Polymer-based sirolimus (Cypher®) and paclitaxel (Taxus®) drug-eluting stents (DES) have reduced rates of restenosis and target lesion revascularization (TLR) compared with bare-metal stents (BMS) and have launched a revolution in the interventional treatment of symptomatic coronary artery disease.1,2 However, this overwhelming enthusiasm has recently been dampened by safety concerns regarding a small but significant increase in the rate of late DES thrombosis compared with BMS.3–5 Clinical studies have identified several patient-related risk factors for late stent thrombosis (LST), such as diabetes, low ejection fraction (EF), renal failure, and discontinuation of anti-platelet therapy.6 Our understanding of the pathophysiology of late DES thrombosis is derived from both preclinical animal and human pathological studies. Little was known about the pathology of DES in humans until a recent study from our laboratory of 40 autopsy cases that demonstrated delayed arterial healing, evidenced by persistence of fibrin, minimal neointimal thickening, and incomplete re-endothelialization compared with 25 matched BMS implants of similar duration.7 This type of detailed morphometric and histological analysis of these specimens has allowed us to understand how the vascular responses of the current generation Cypher and Taxus DES differ from those of BMS, and has also emphasized the importance of assessing healing responses in evaluating the safety of DES.

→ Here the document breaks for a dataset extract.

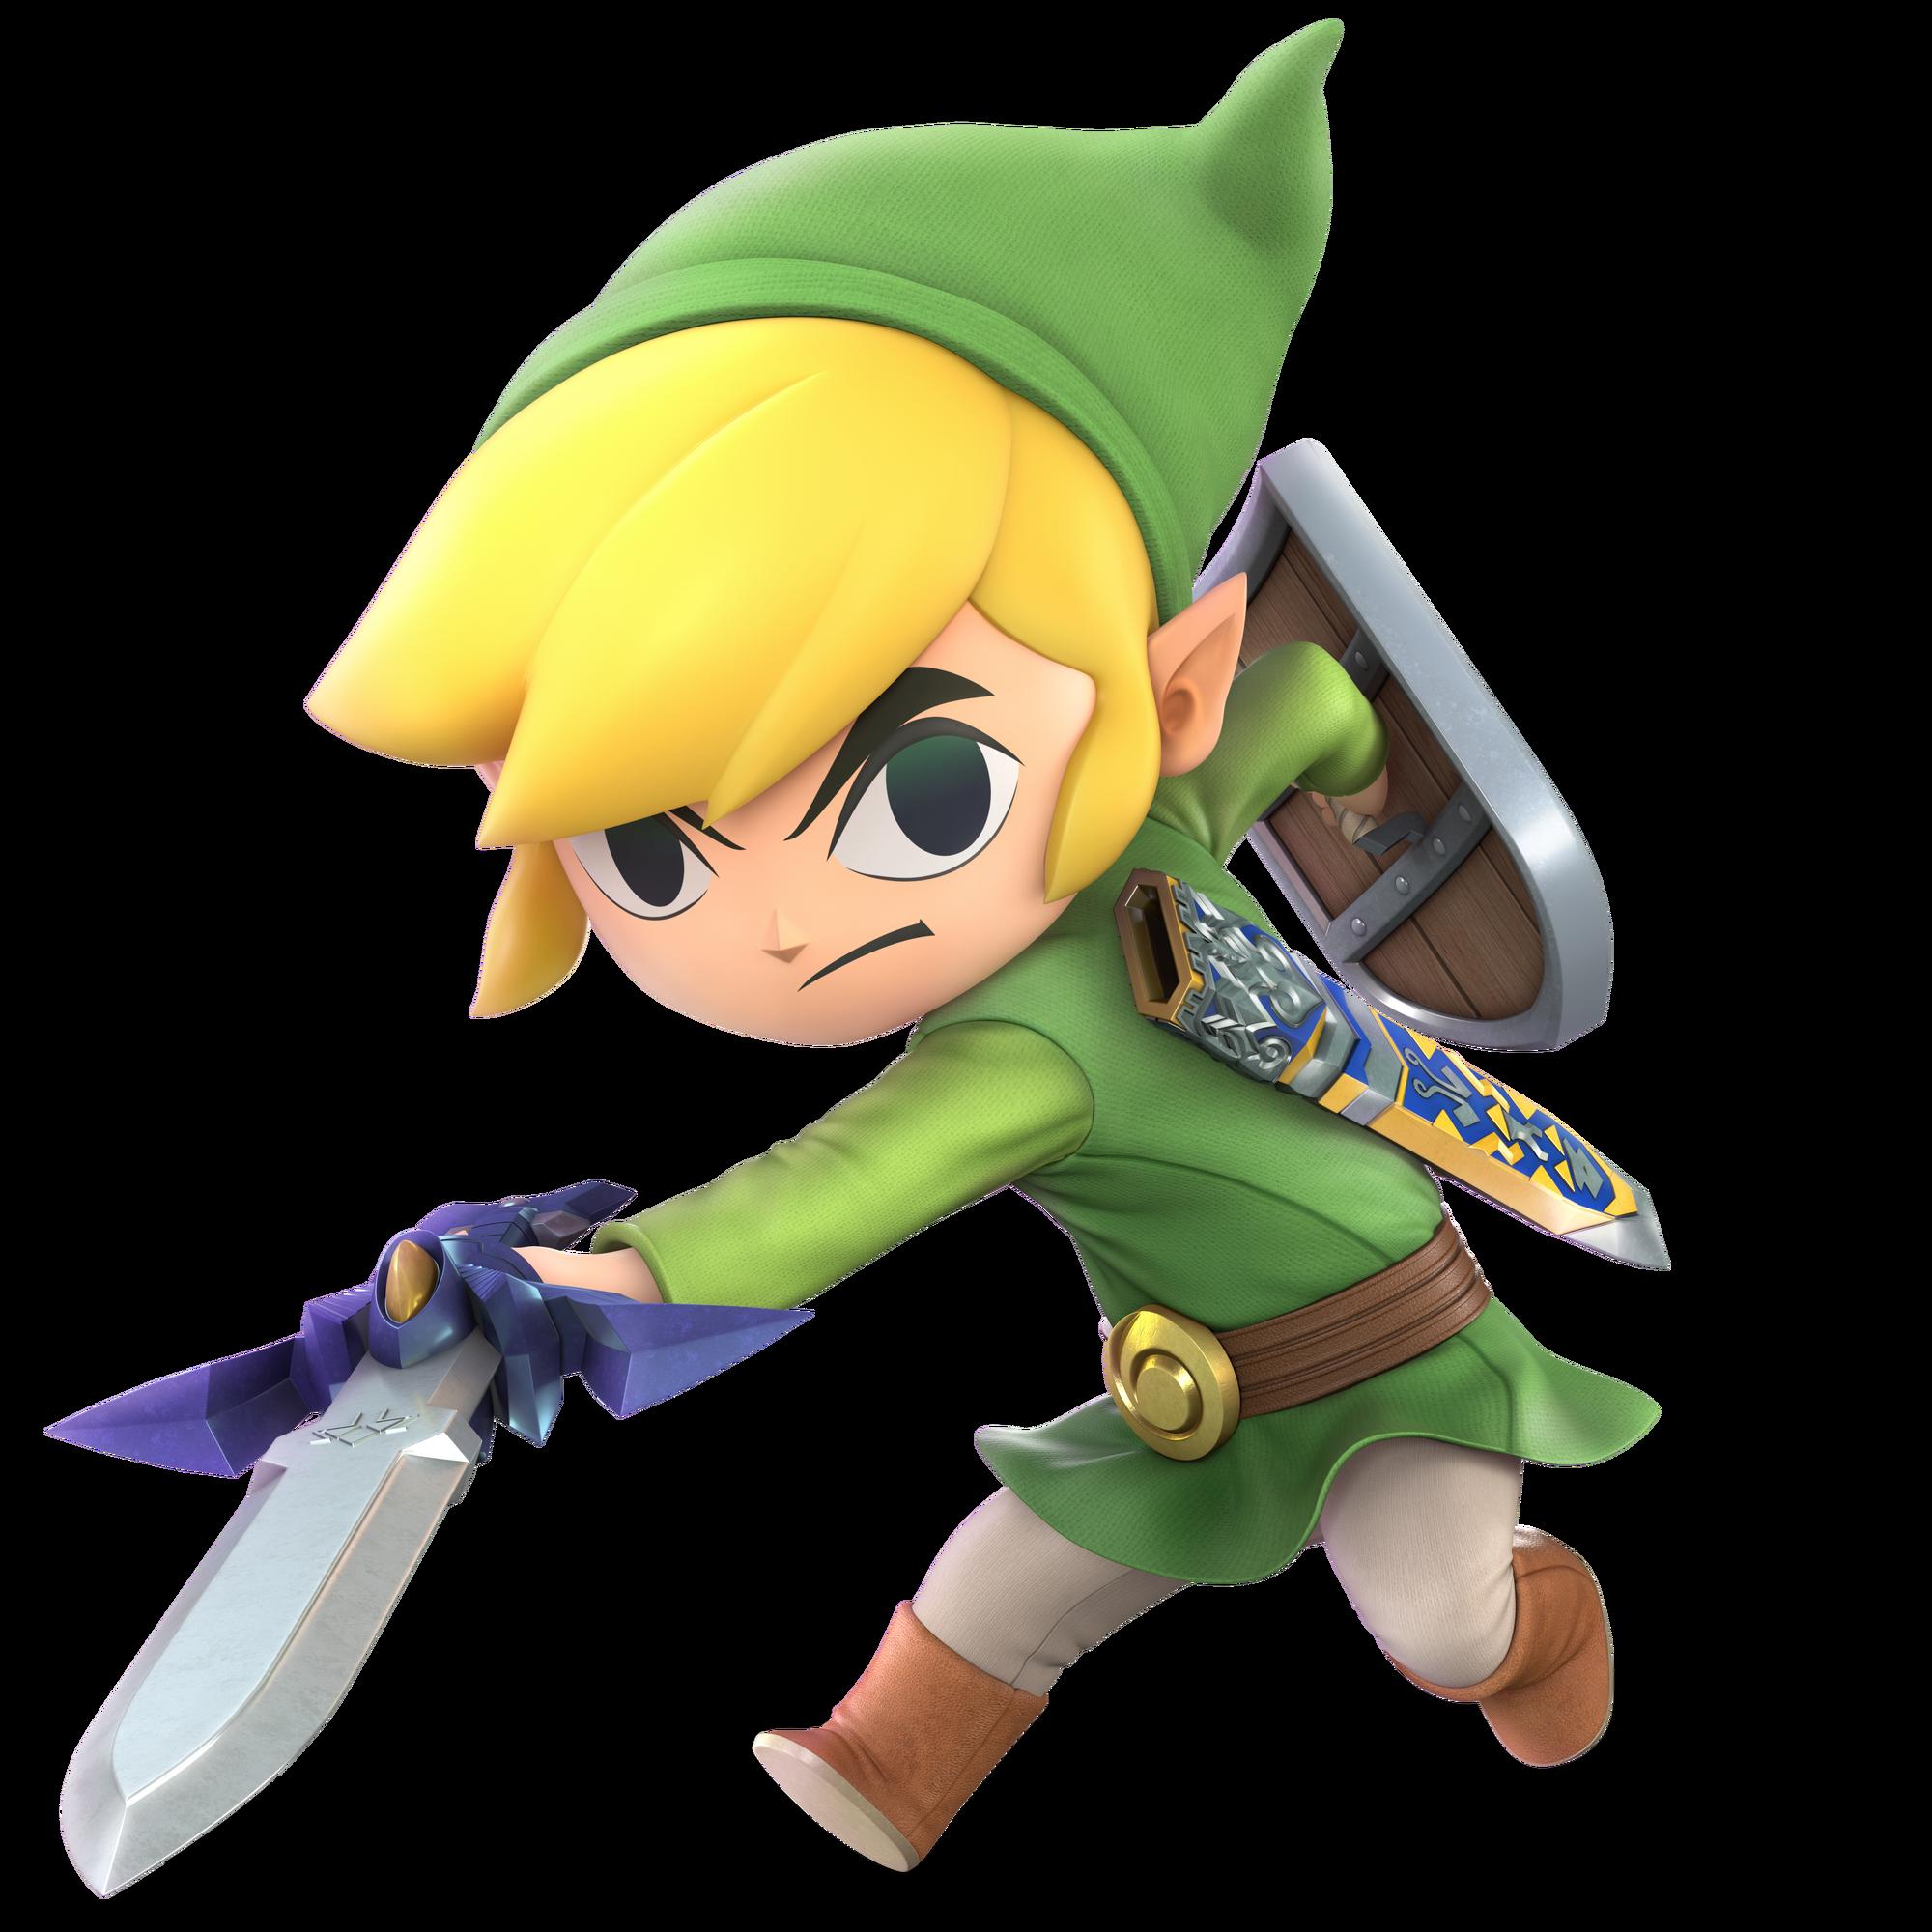 Toon Link | Nintendo | FANDOM powered by Wikia

Lessons from Animal Studies
While it is well recognized that arterial repair after stent placement occurs more rapidly in animals than in man, animal models still hold predictive value since the sequence of biological events associated with arterial repair is remarkably similar.8 Initially, Suzuki and Klugherz published their findings in the pig and rabbit models, respectively, using sirolimus-eluting stents.9,10 Although both showed a significant reduction in neointimal formation, persistence of fibrin was also noted at 28 days. We reported an initial reduction in neointimal formation at 28 days when paclitaxel was delivered on the stent, followed by a loss of benefit at 90 days.11 Moreover, paclitaxel delivery also resulted in persistence of fibrin, increase in inflammation, medial necrosis, and decreased endothelialization compared with BMS at 28 days. These findings were confirmed in a latter study utilizing overlapping, commercially available Taxus and Cypher in the rabbit model.12 In this study, the assessment of endothelialization was carried out on en face using longitudinally cut arteries for scanning electron microscopy analysis, a far superior technique to light microscopy.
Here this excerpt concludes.